Finally, before turning to the structure of the invention, it should be appreciated that the various rollers are conventionally gear-driven. Since the position of each of the movable rollers is dependent upon another, however, the customary gear train between the rollers cannot satisfactorily drive or be driven on their "pitch diameters." Hence, not only is there a resulting loss in efficiency, but the gears run quite noisily; and, the drive-power requirements become disproportionately larger with each additional movable roller that is added to the train.
It is a fundamental purpose of the instant invention to provide an improved roller adjusting mechanism for a folding machine wherein it is not necessary to manually adjust individual rollers. In this respect, a preferred embodiment of the invention will be described shortly; and, that preferred embodiment has additional advantages over a conventional fold-roller adjusting mechanism such as that described above. That is, when one of the preferred embodiment's movable rollers is adjusted in order to change the nip-space between two rollers, there is no change in the nip-space between that movable roller and another adjacent roller. Also, by reducing the number of movable rollers that are required, the illustrated embodiment eliminates the previously troublesome cumulative adjustment error; permits several of the rollers to be driven on their pitch diameters so as to increase efficiency; and, reduces power requirements and noise.
Additionally, as the speed of the above described conventional folder increases, the torques applied to the various rollers tend to urge them toward each other so that the high-speed nip-spaces become too small.
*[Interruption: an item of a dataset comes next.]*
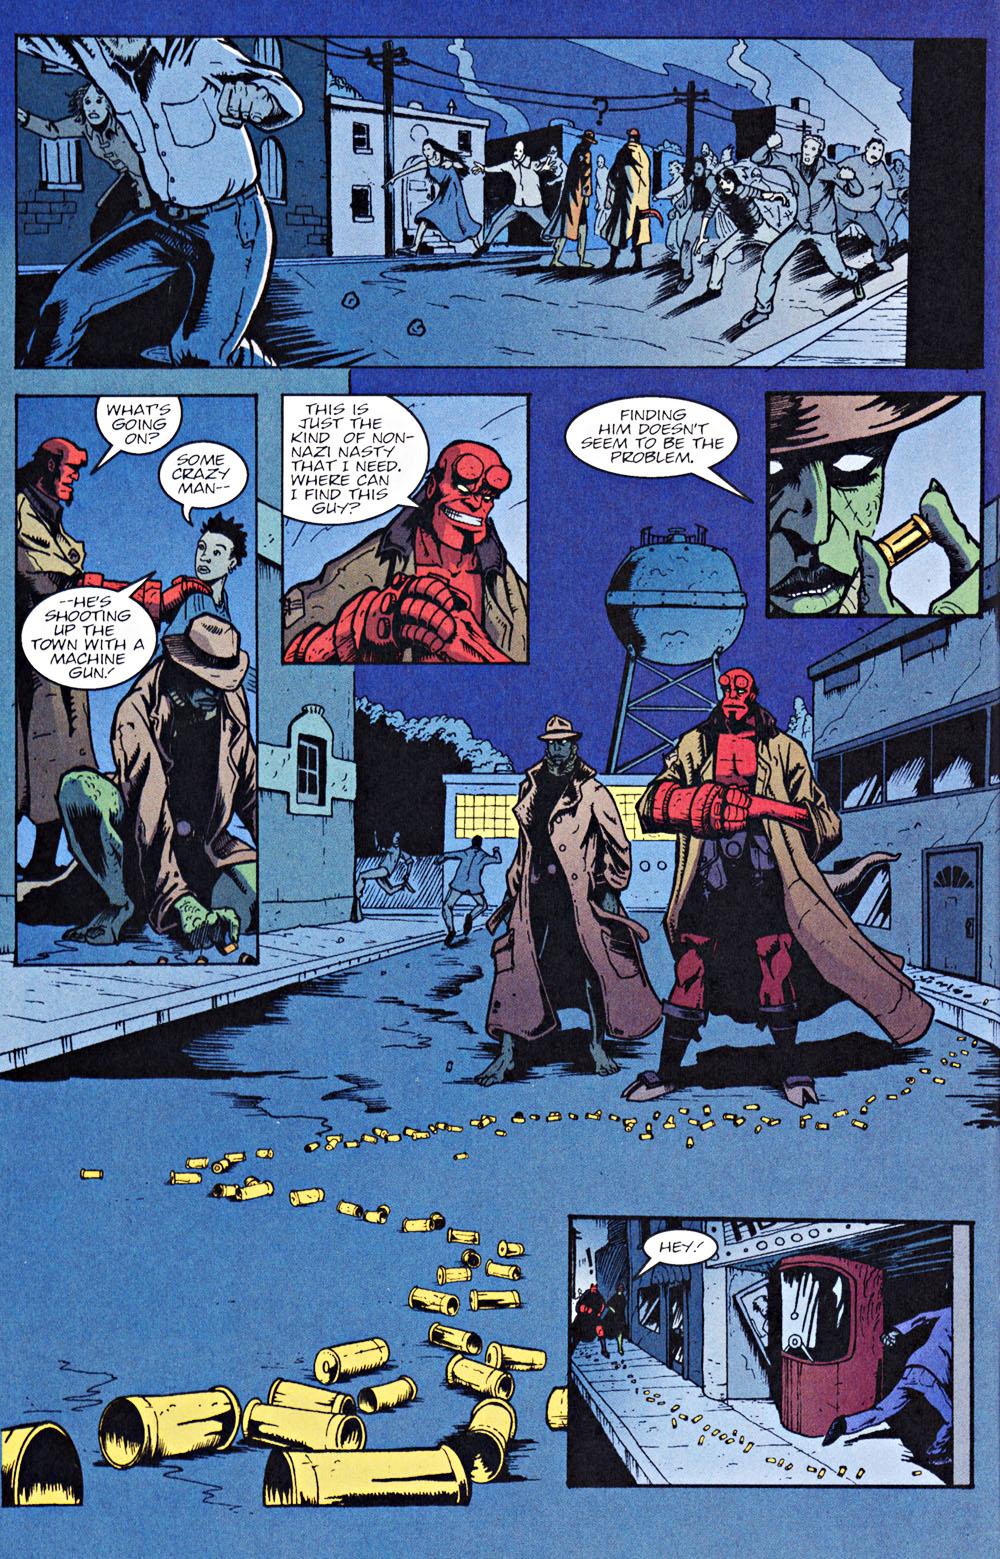 Read online Hellboy: Weird Tales comic -  Issue #7 - 12

Hence, it is customary for a skilled operator to provide oversize nip-spaces at low speeds so that the machine will operate properly at high speeds. The embodiment of the invention about to be described, however, does not have this disadvantage.
Still further, if narrow stock is folded in a conventional machine, it is difficult to properly adjust the nip spaces because they are preferably different on one side of the machine than on the other. Similarly, as a conventional machine's rollers wear, it is desirable to take such wear into account when the machine's nip spaces are adjusted for each different type of stock thickness and size that is run through the machine. As will be appreciated from the following description, however, the illustrated embodiment of the invention has an additional advantage of automatically adjusting the nip spaces to account for stock size and thickness and roller-wear.
According to principles of this invention, a movable roller of a folding machine is "radially", or circumferentially, movable about two adjacent fixed rollers. To achieve this, a movable-roller shaft rides on contoured surfaces located at opposite ends of the fixed rollers. The movable roller is biased toward the contoured surfaces to remain in contact therewith. The contoured surfaces are rounded as defined by projected radii of the fixed rollers.
The contoured surfaces are made movable to follow the movable-roller shafts when they are "spaced" from the fixed rolls and to thereafter hold their positions. Thus, the "spacing" of the movable rollers can be set by merely introducing paper stock in the nips formed by the movable rollers and the fixed rollers. In this respect, when the spacing is thusly set by placing paper in a nip, movement of a movable roll to accommodate this paper stock is circumferential about an adjacent, upstream, fixed roll, thus, the spacing between the movable roll and the upstream fixed roll (which was previously set) is not thereby changed.
To accomplish this, the contoured surfaces for the upstream roll are pivoted at the axis of the adjacent downstream fixed roll. Cams operate on opposite ends of levers to move the levers so that the contoured surfaces can follow the movable roller, but prevent the levers from counterrotating so that the movable roller does not return to its original position.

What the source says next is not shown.